I wasn’t doing anything very complicated, just tracking some of the beats for the specific section of storyline that I wanted to follow. That made my struggles all the more obvious.
Minutes before, I’d plotted out a parallel series of arcs for a totally different story; they’d flowed easily, and made good sense. They were simple, straightforward, and very formulaic—which felt fine for the first pass on an idea that came to me last night. I’m sure that they’ll change and become more interesting once I’ve worked more with that story. If they don’t, I might discard the story or put it on ice.
But those arcs, with their clear points of conflict, transformation, and growth, had come so easily that my difficulty with Cesium was glaring.
A brief aside: the idea that came to me last night dealt with using magic (or something similar) as a manifold metaphor for anger, and perhaps war and military service, with weaker connections to violence and abuse.
The physical plot for Cesium felt simple and straightforward. It fit neatly within the expected bounds of adventure fiction and other upper middle grade stories. Even though I know I’ll change it in a heartbeat if I find something else more emotionally and thematically compelling, it feels good to have laid it out.
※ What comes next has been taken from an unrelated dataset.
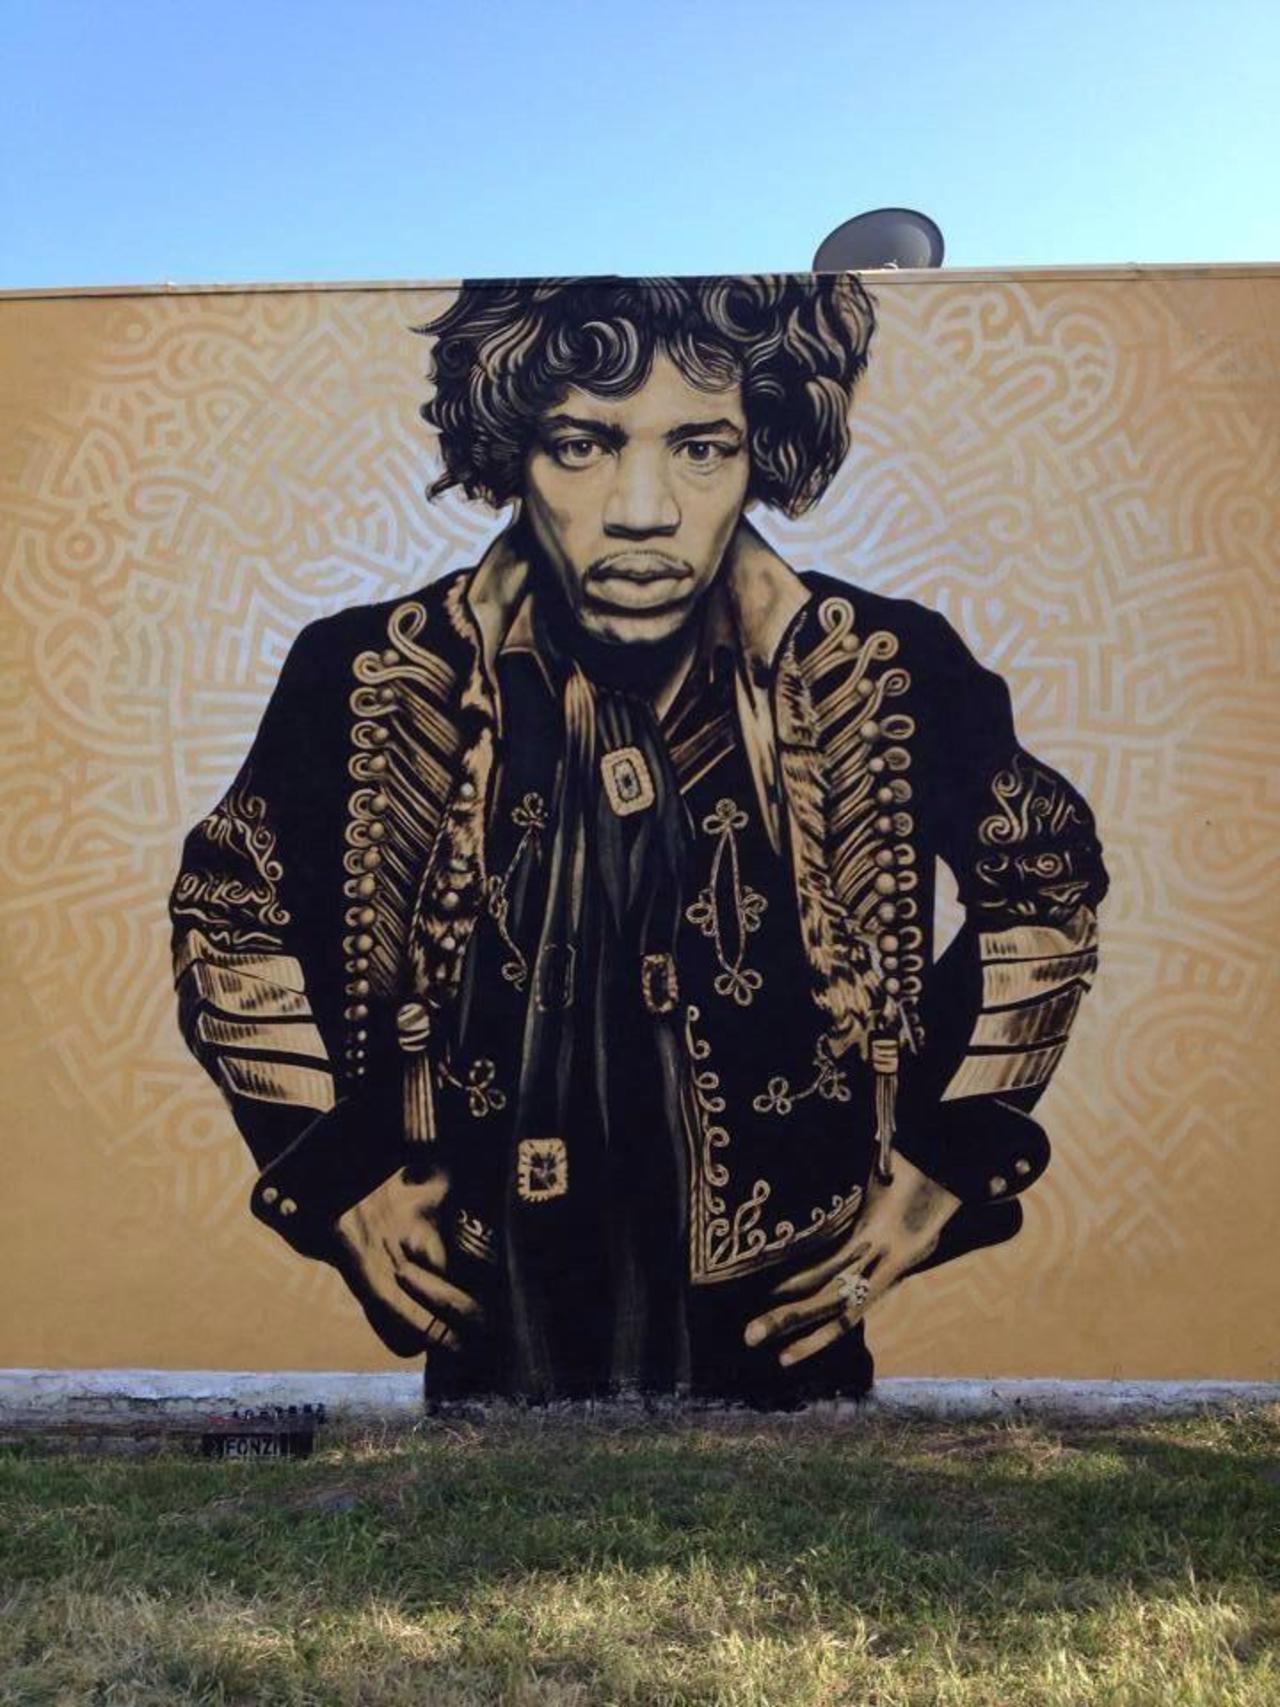 RT @GoogleStreetArt: Artist 'Levi Fonz Ponce' realistic Street Art mural of Jimi Hendrix in Hollywood

#art #graffiti #mural #streetart http://t.co/oELlZszJWF

The problem with Cesium’s emotional arc was that I was (and still am) unsure of what approach I want to take, or how to zero in on Cesi’s changes in ways that will feel rewarding without feeling too neat or pat.
I think it comes down to disliking the pattern of total character transformation that I’ve seen in some middle grade stories. I find incomplete transformation more rewarding, because of how it allows individuals to face their struggles as slightly modified versions of themselves rather than as different people. This fractional shift of self is less important when a story covers a long period of time, as more shift can occur without seeming too abrupt. But when I want a reader to follow a character’s emotional shift from A to B, I feel it helps to highlight the ways the character is still uncomfortable / unfamiliar with their new experience at B. At some point they’ll feel comfortable in the new experience, and that will be cool, but if the story is about them facing that experience I want facing it to be dramatic, tense, uncertain.
The upside of all this is that I think I’m closer to a working draft of Cesium’s story. But I clearly still have more work to do.